Transcribe all of the data exactly. Images stay out.

§ **INFORMATION PROVIDED**:
++++++++++

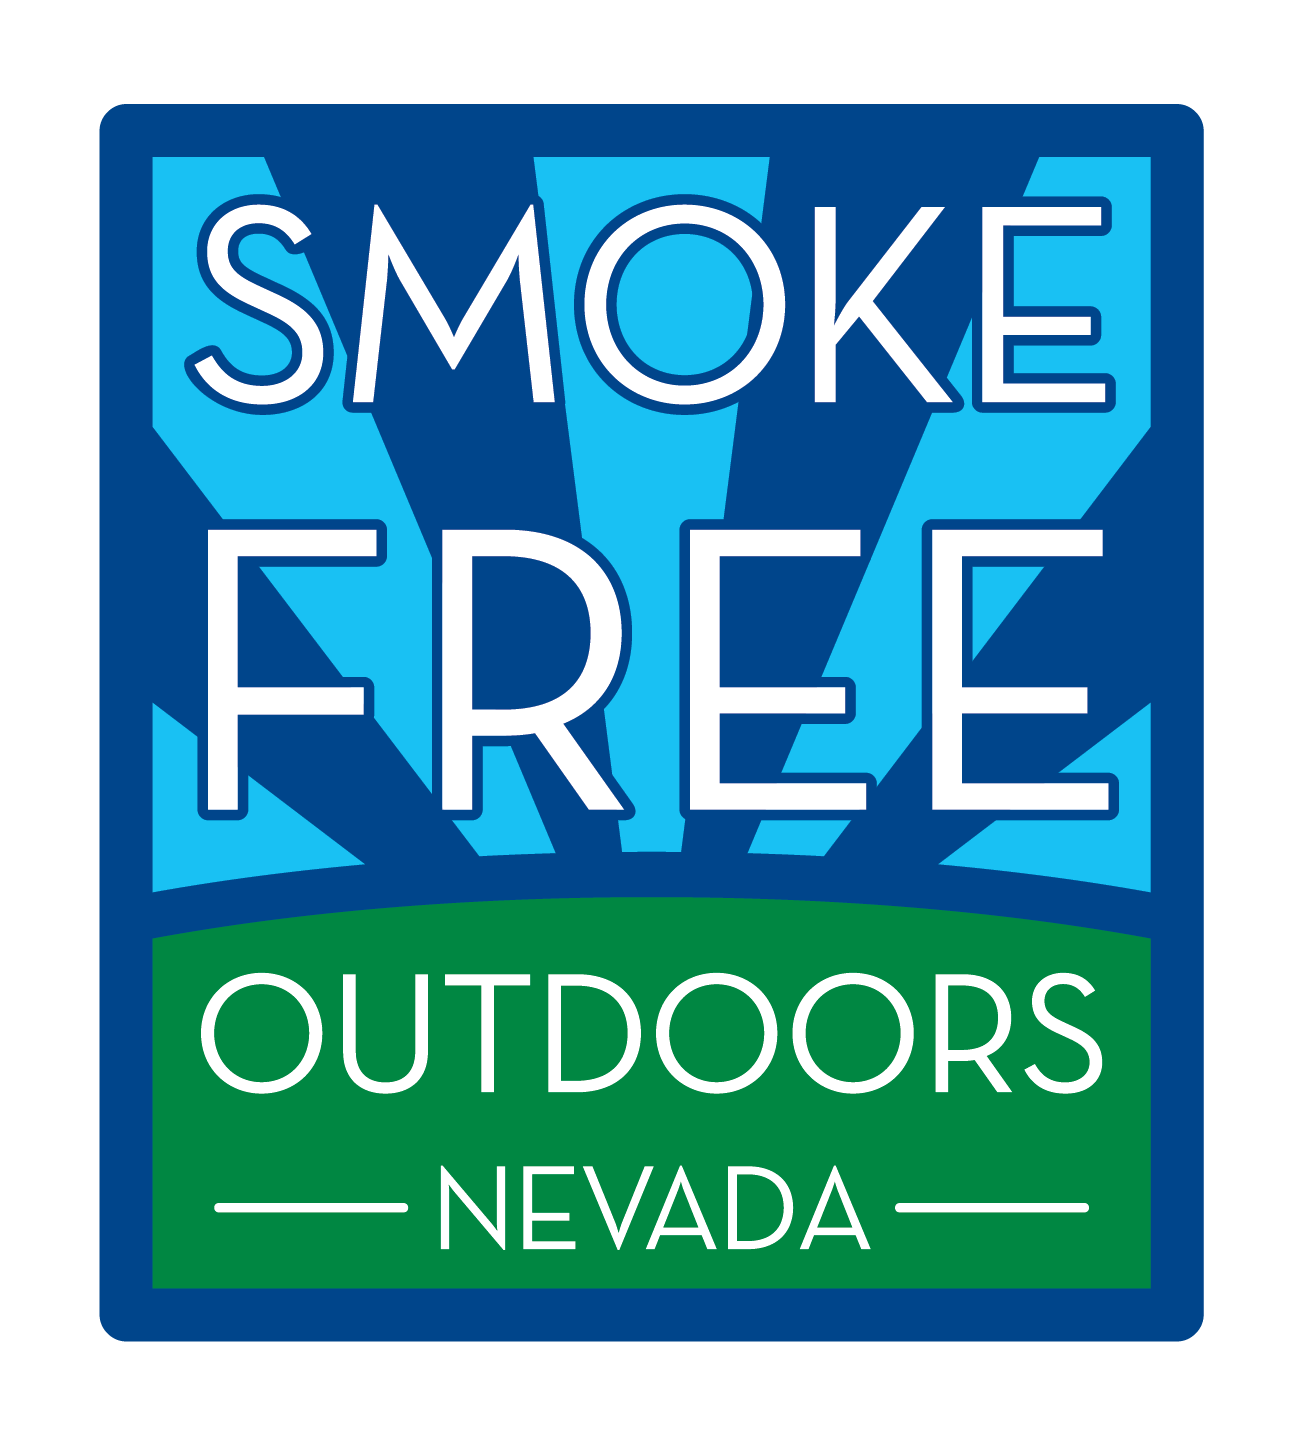 Smoke Free Outdoors Nevada
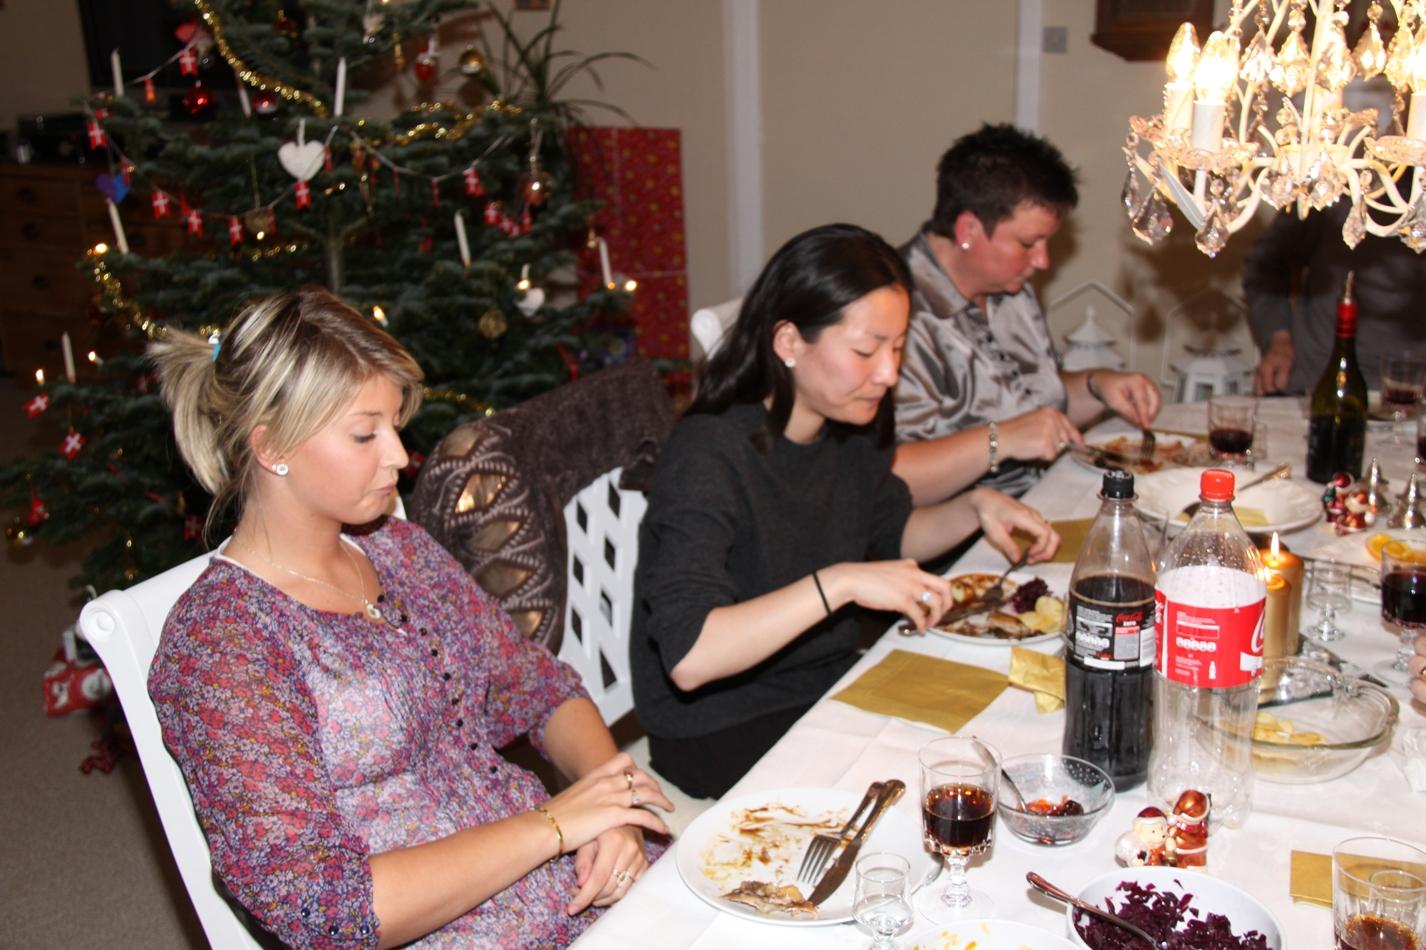 IMG_6374 JULEAFTEN 24-12-2008 (51)
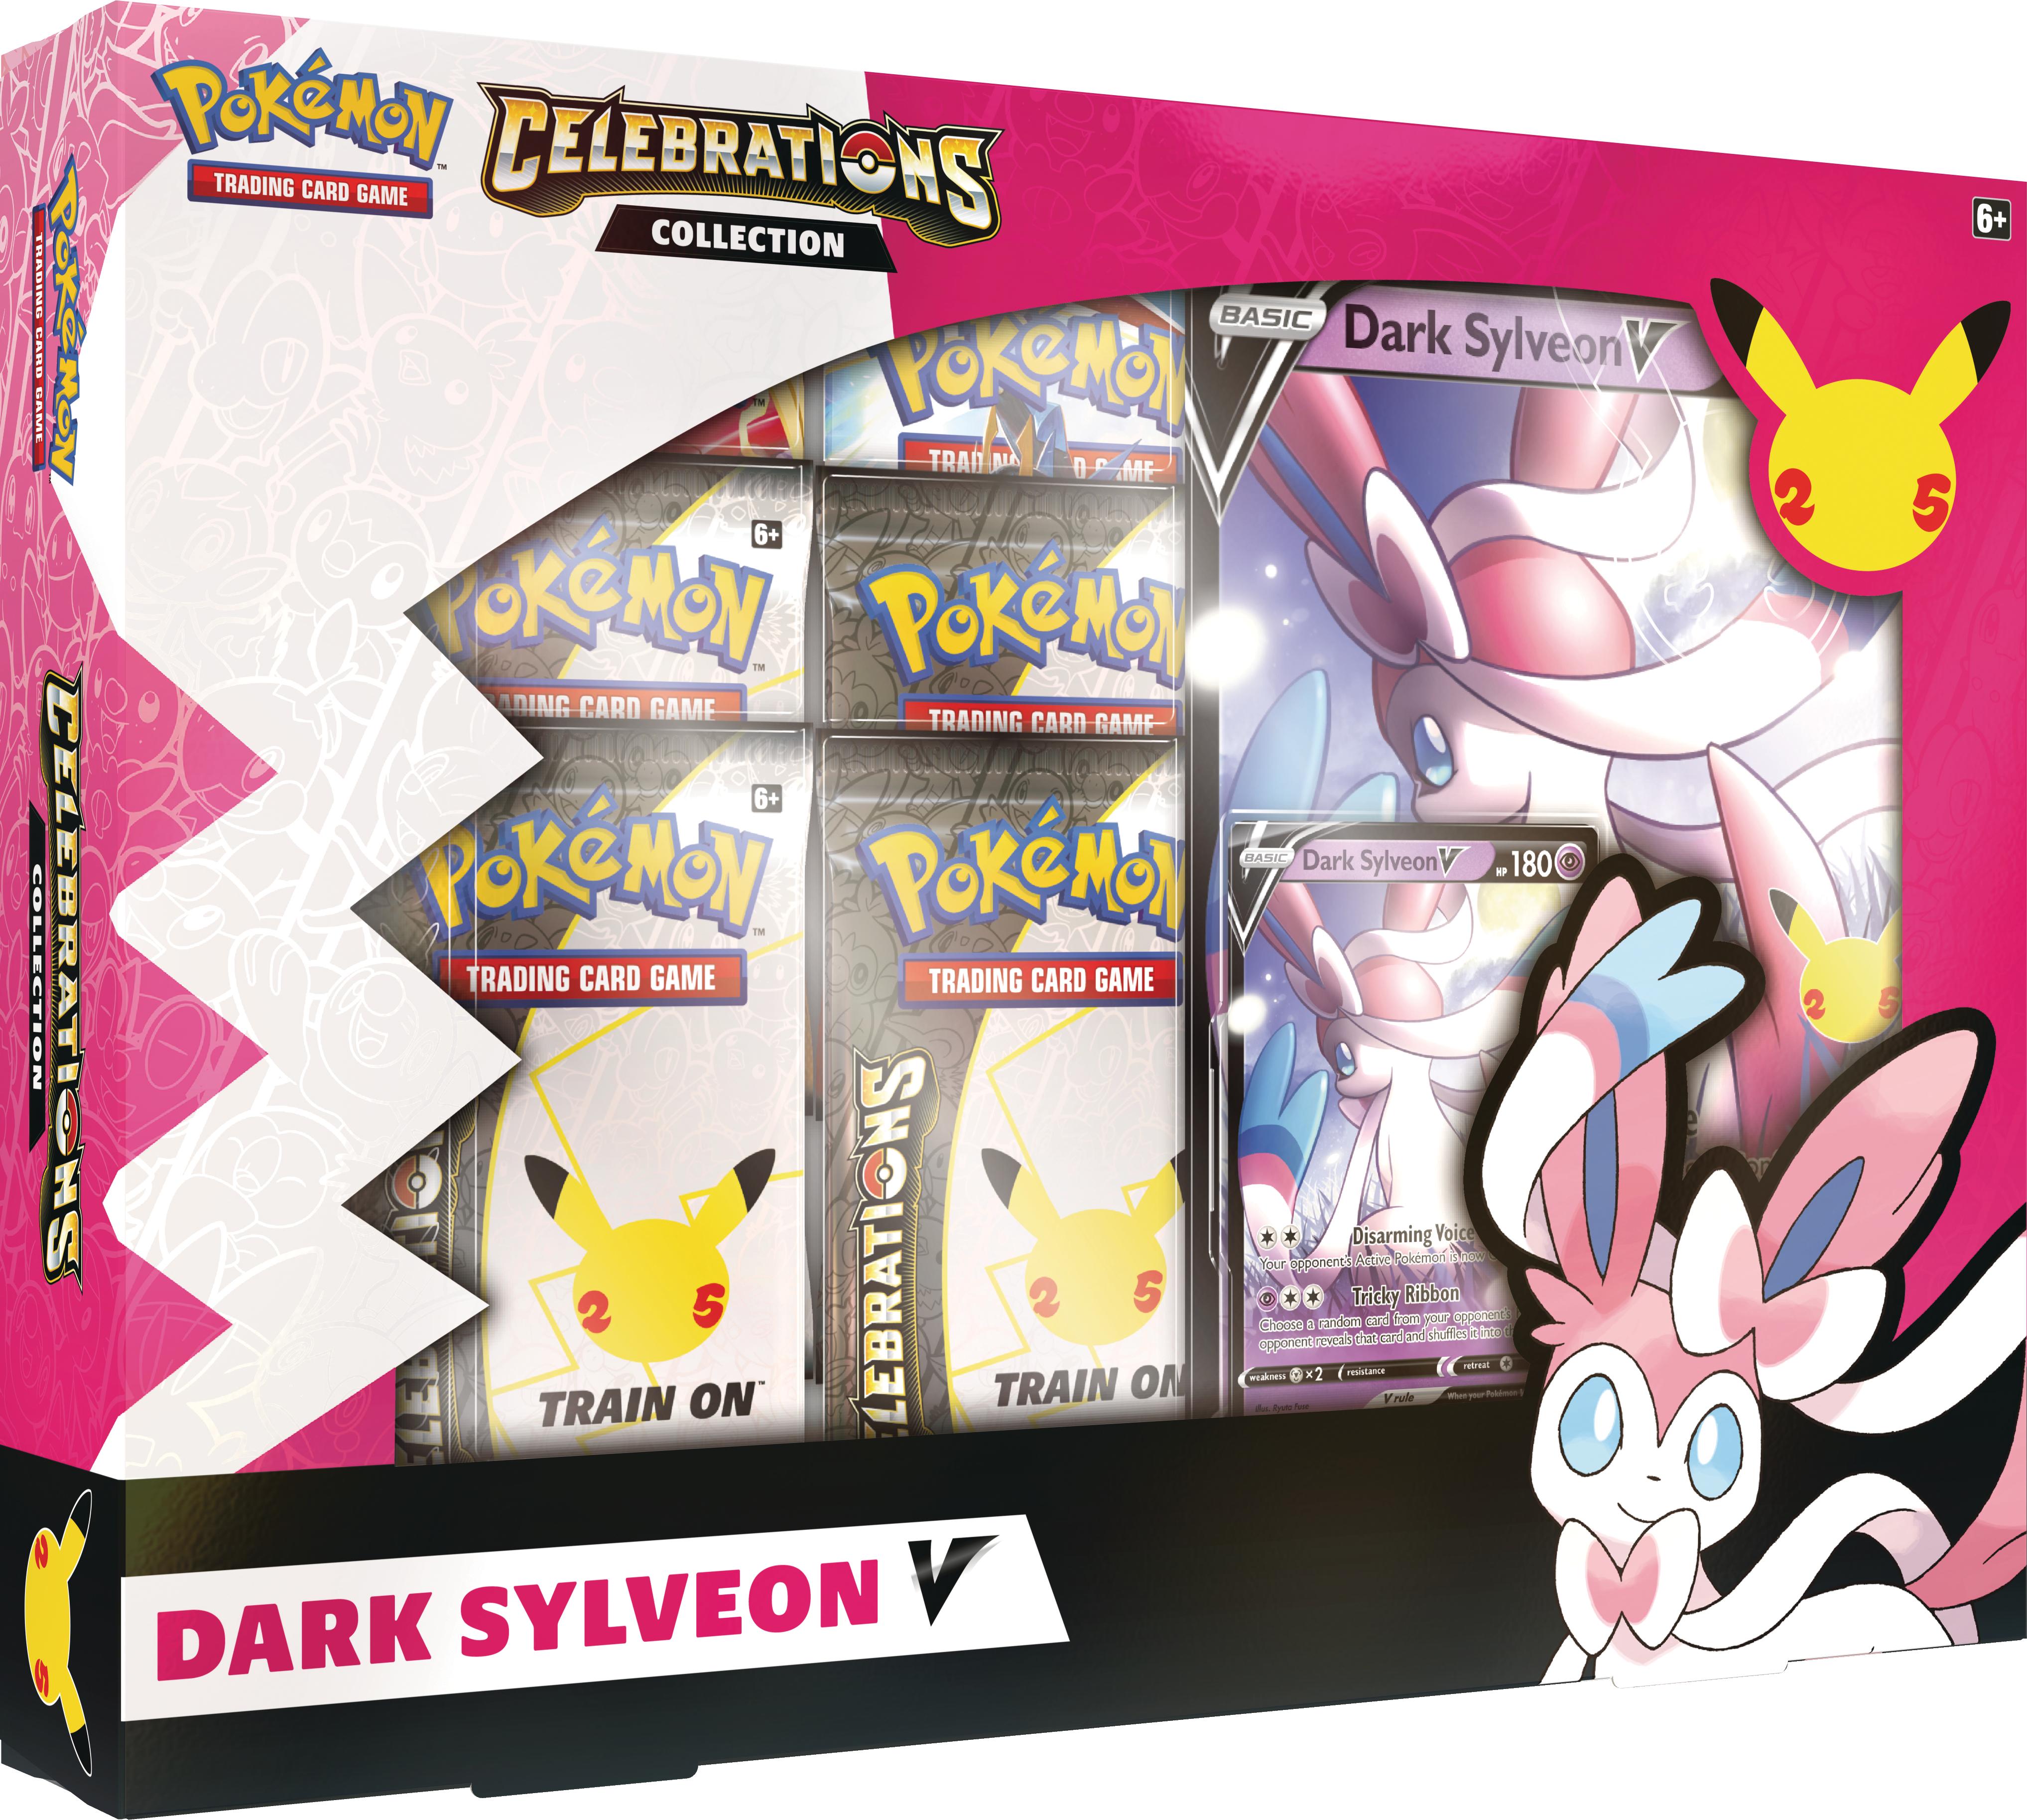 Celebrations Collection - Dark Sylveon

++++++++++

§ **RESPONSE TO THE TASK**:
 Smoke Free Outdoors Nevada
 IMG_6374 JULEAFTEN 24-12-2008 (51)
 Celebrations Collection - Dark Sylveon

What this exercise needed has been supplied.